Etemadi Nejad et al. examined the influence of workstations on the muscle activity of the shoulder and neck regions in tailors. Following adjustments to the table height and incline, the muscles under investigation exhibited reduced activity levels [5]. Nonetheless, the health history and physical activity levels of individuals should also be considered. Research suggests that individuals with low physical activity levels and weak muscles experience insufficient muscular support for their spines and bones.
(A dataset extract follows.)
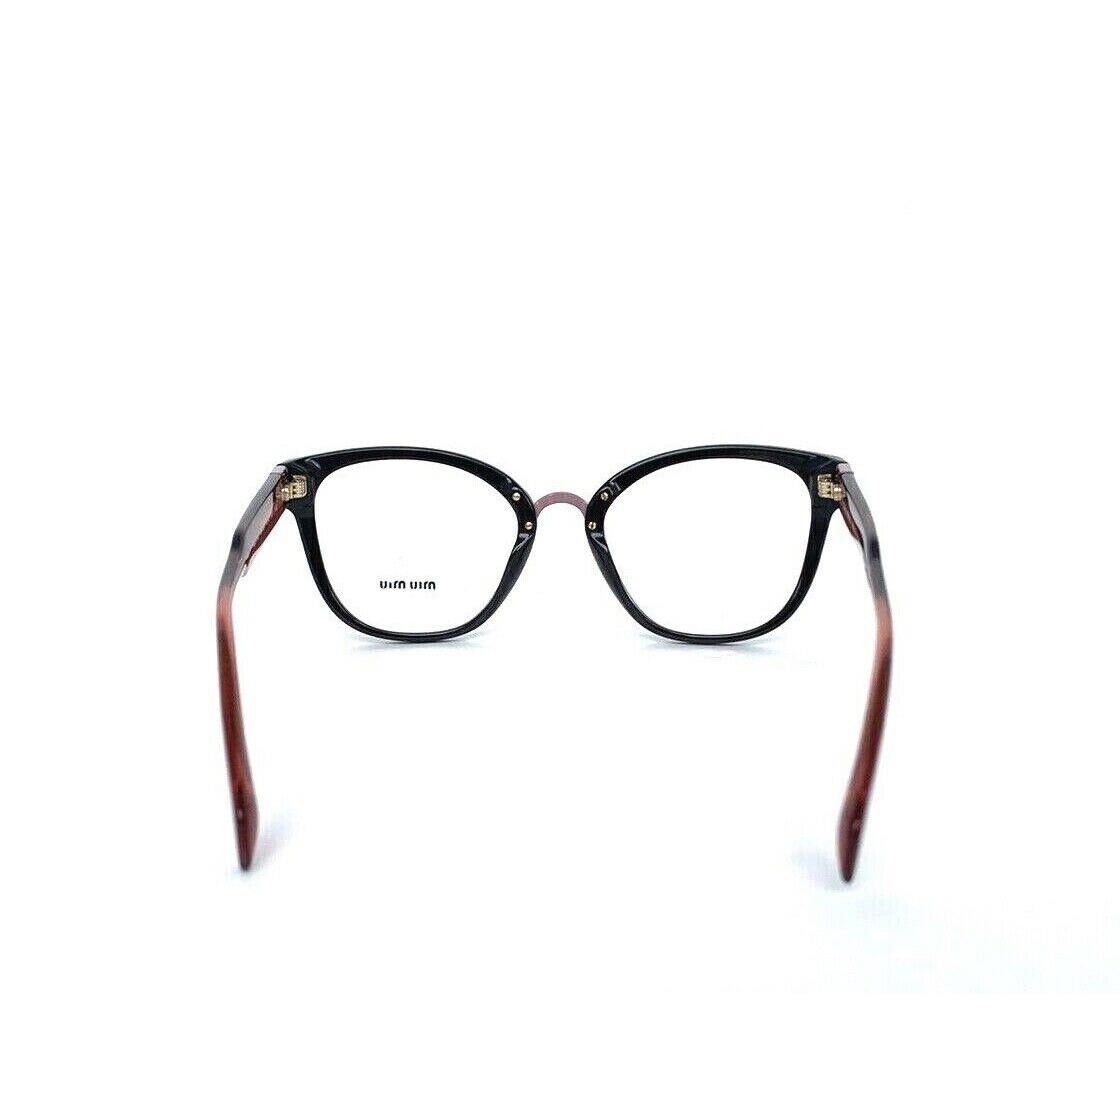 Miu Miu eyeglasses  - Brown on Gold Frame 4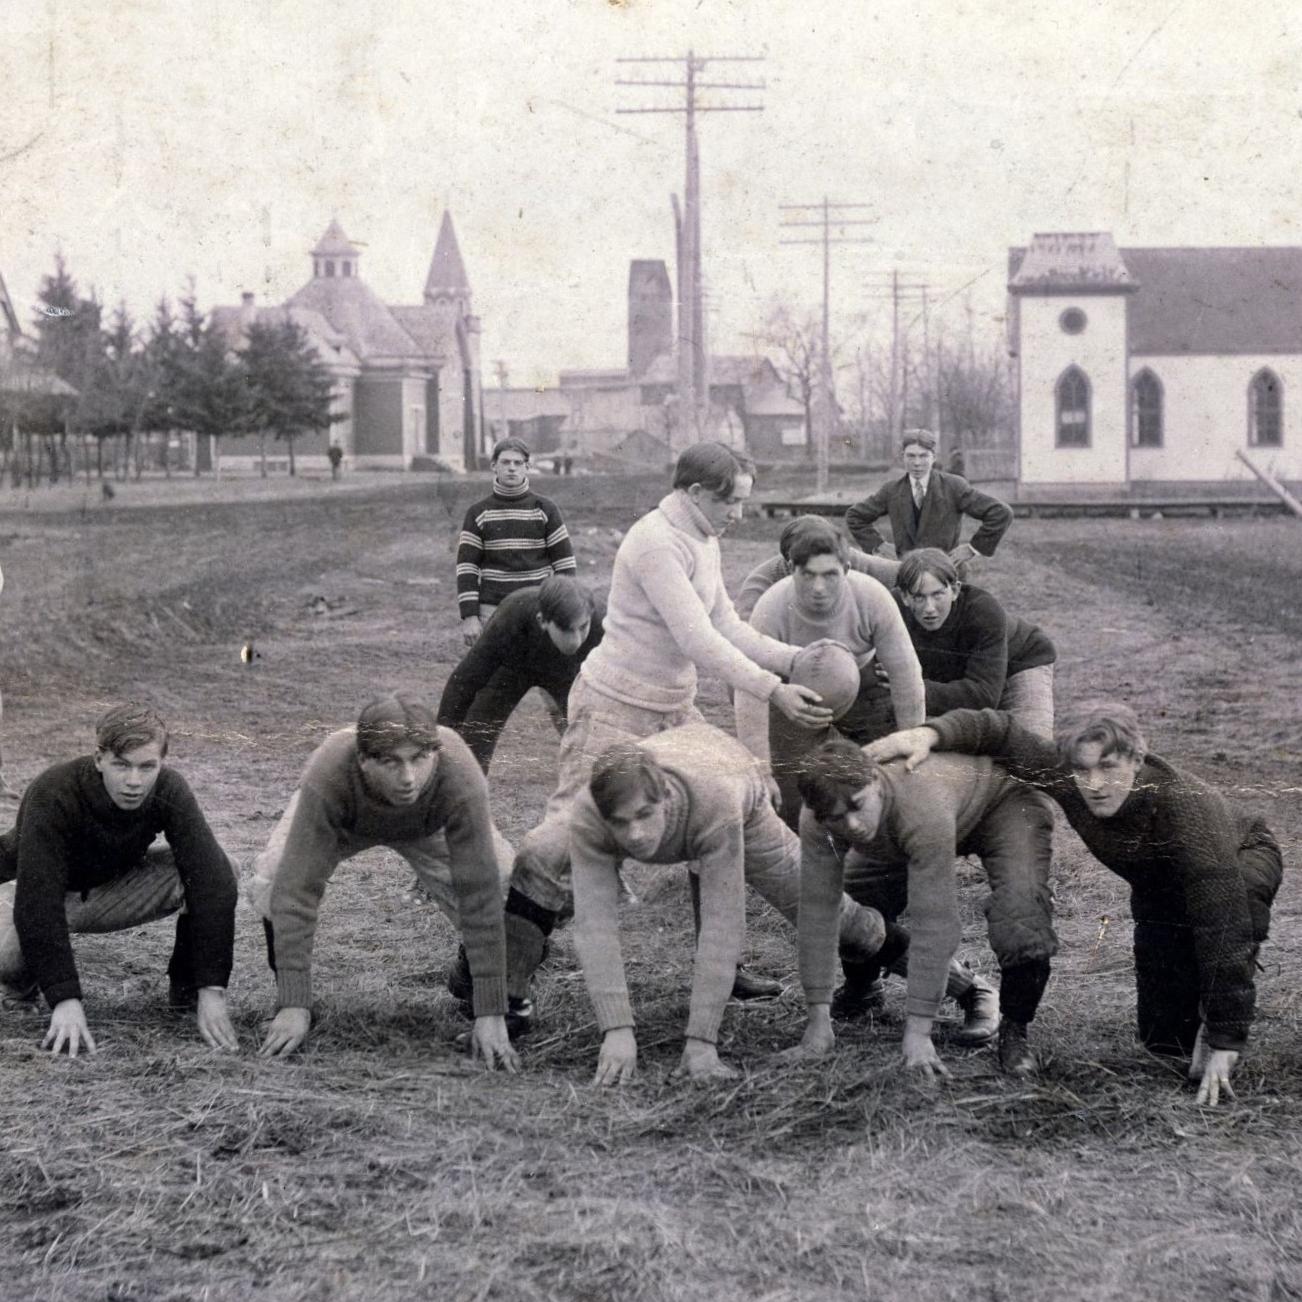 First football team of Thief River Falls, c. 1900

Therefore, in addition to providing training on proper posture during work and modifying workstations, exercise protocols focusing on strengthening the core stabilizing muscles and shoulder girdle are strongly recommended for tailors. This approach aims to enhance the ability to maintain proper posture consistently and reduce strain on the spine and shoulder joints.
Conclusion
The high prevalence of OMSDs, particularly in the lumbar and neck regions, and their significant correlation with REBA scores underscore the need for ergonomic interventions and improved work posture in this profession. The inverse relationship between disorders and work experience suggests that newcomers may be unaware of the risk factors associated with work posture, while experienced individuals may have adopted strategies to mitigate pain and disorders. The relatively high REBA scores in this study highlight the poor design of tailoring workstations and indicate the necessity of posture correction during work and ergonomic workstation improvements. The practical significance of these findings lies in the prevention of disorders, the introduction of preventive techniques and corrective exercises, and the education and awareness of tailors to reduce risks and improve working conditions.
Ethical Considerations
Compliance with ethical guidelines
This study was approved by the Ethics Committee of the Sport Sciences Research Institute (Code: SSRI.REC-2205-1659[R2]), the research objectives were explained to the participants. Individuals voluntarily participated in the study with full knowledge and consent by completing a consent form. They were free to withdraw from the study at any stage of the research if they chose not to continue.
Funding
This research did not receive any grant from funding agencies in the public, commercial, or non-profit sectors.
Authors' contributions
Data collection and review: Maryam Dehghani; Data analysis: Afsaane Rahnama and Maryam Dehghani; Manuscript preparation: Mohammad Rahimi, Afsaane Rahnama
Conflict of interest
The authors declared no conflicts of interest.
Acknowledgments
The authors would like to thank all the participants who completed the questionnaires and the loved ones who assisted us in the implementation of this project. We hope that measures will be taken to reduce musculoskeletal disorders and common abnormalities among tailors.